Near-infrared Upconversion Luminescences Properties of Yb3+-Tm3+ Co-doped BiOBr Nanocrystals

doi:10.15541/jim20150389

Abstract

Abstract:

Yb³⁺-Tm³⁺ co-doped BiOBr nanocrystals were successfully prepared by hydrothermal method, and its upconversion luminescence properties was investigated. Under excitation at 980 nm light, an intense near-infrared (801 nm) accompanied by weak red (655 nm) and blue emissions (485 nm) were observed, which were attributed to the ³H₄→³H₆, ¹G₄→³F₄ and ¹G₄→³H₆transitions of Tm³⁺ions, respectively.
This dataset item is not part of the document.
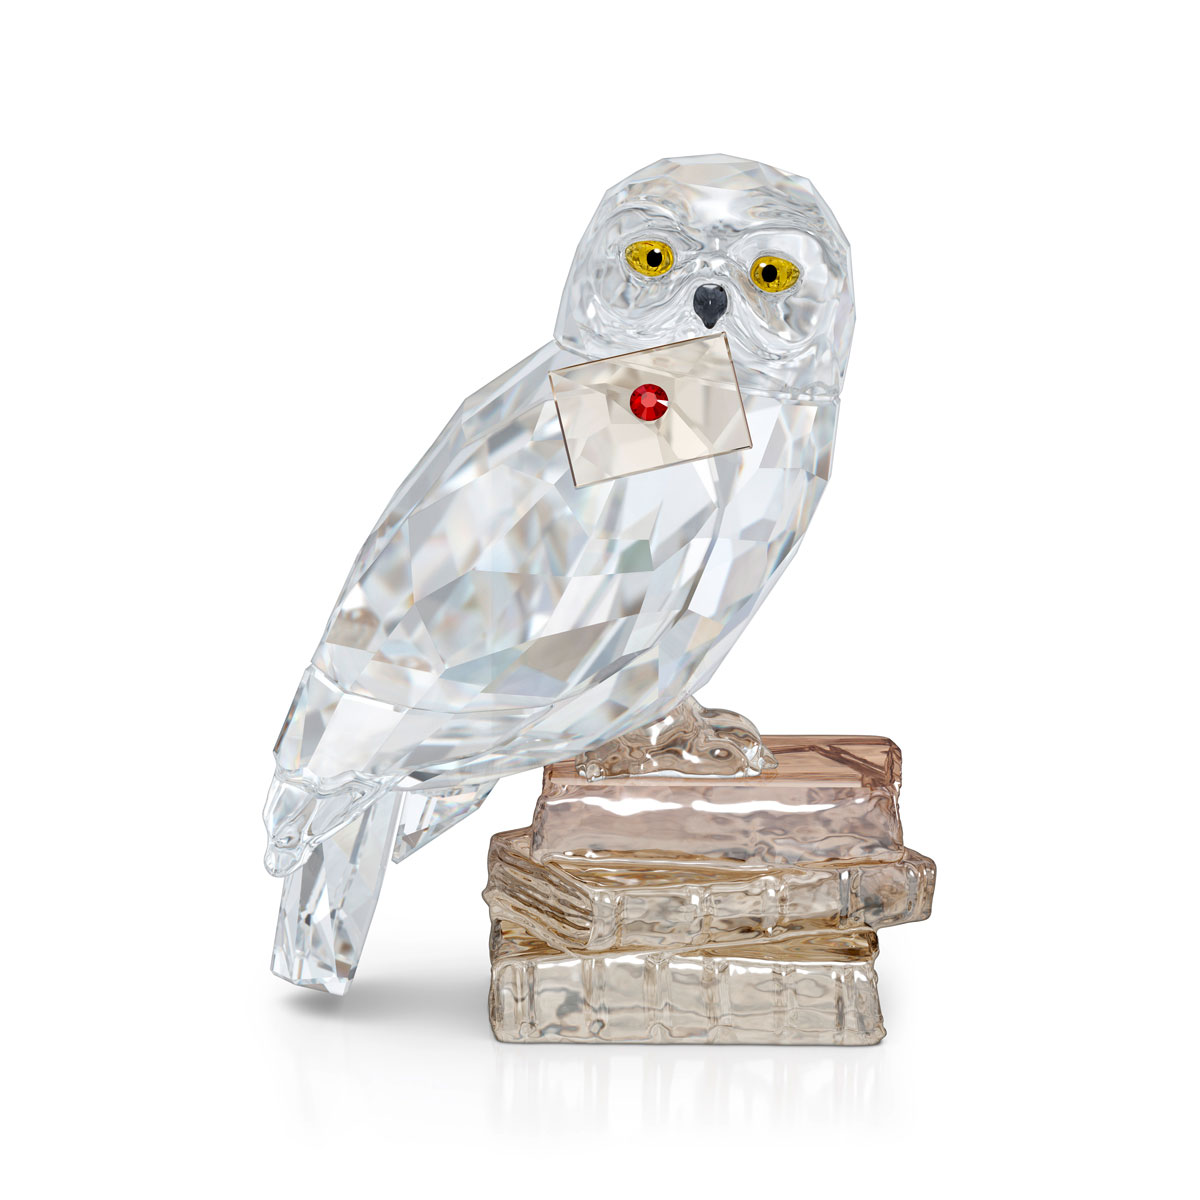 Swarovski Harry Potter's Owl, Hedwig
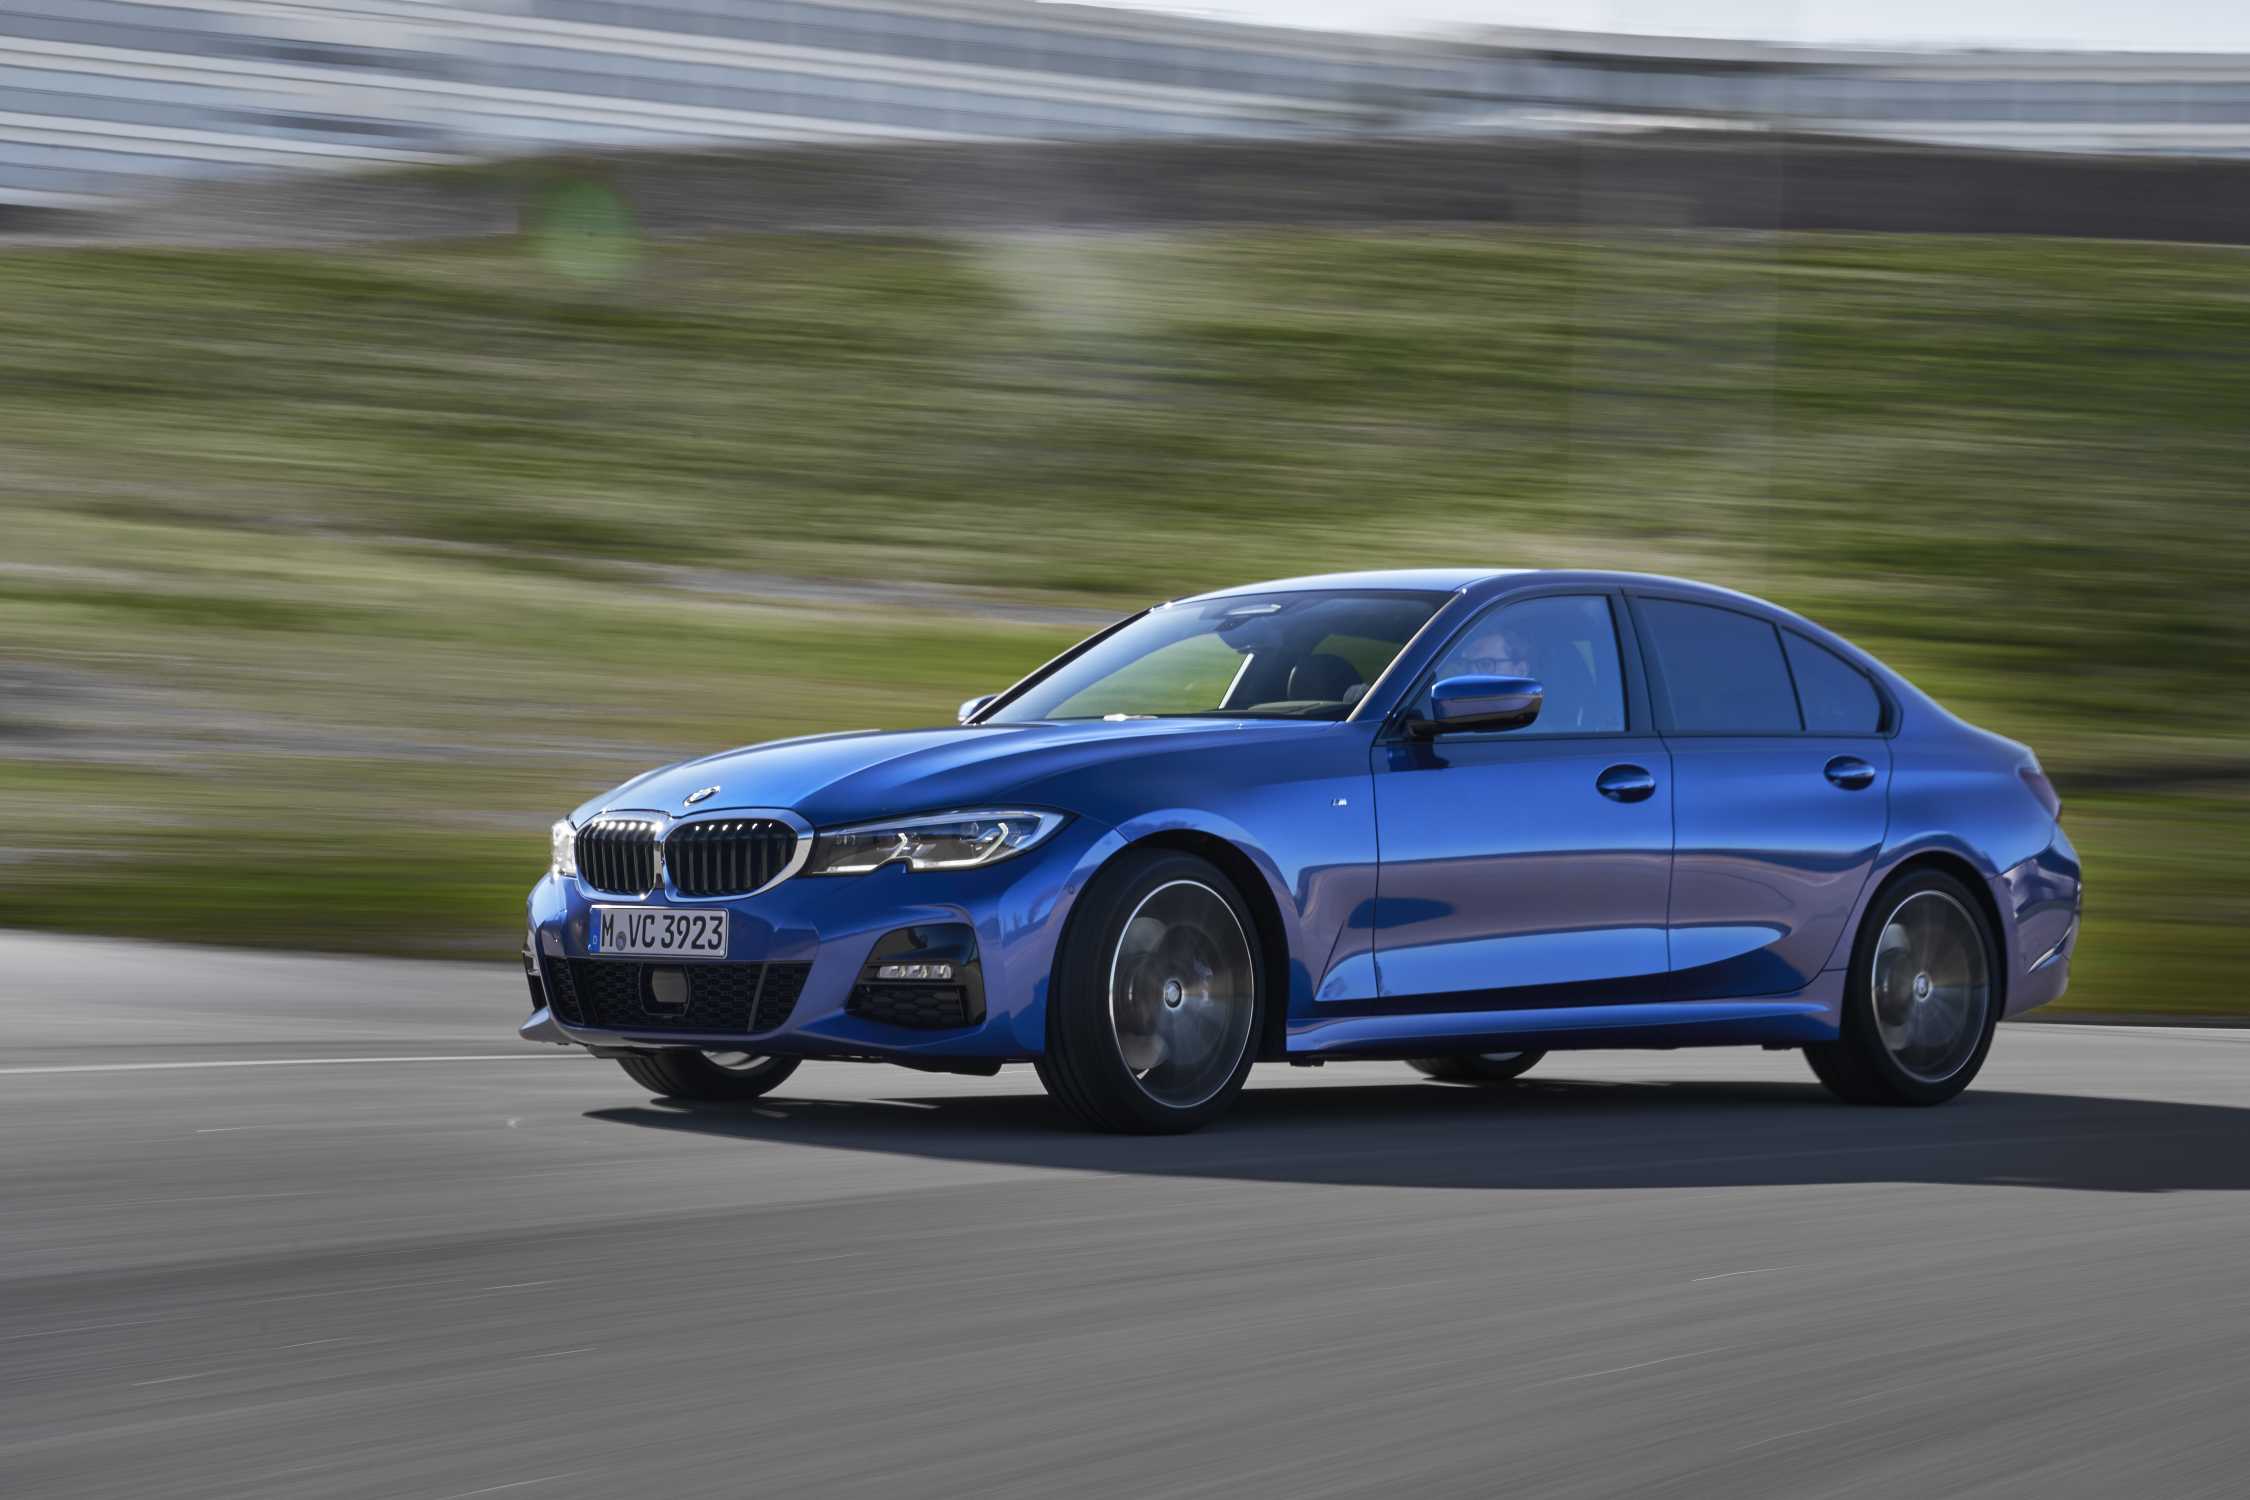 The all-new BMW 330i, Model M Sport, Portimao blue metallic, Rim 19” Styling 791 M (12/2018).

Power dependence studies revealed that blue and red emission resulted from a three-photon process, while the near-infrared emission resulted from a two-photon process, and a possible upconversion mechanism is discussed. As the Yb³⁺ ions concentration increasing, the overall emission intensity increases and near infrared emission is much stronger than red and blue ones. Consequently, the ratios of near-infrared to visible (I_{801 nm}/I_{485 nm}) reaches 71.4. These results indicate that the Yb³⁺-Tm³⁺ co-doped BiOBr nanocrystals have potential applications in biological field as luminescence labeling probers.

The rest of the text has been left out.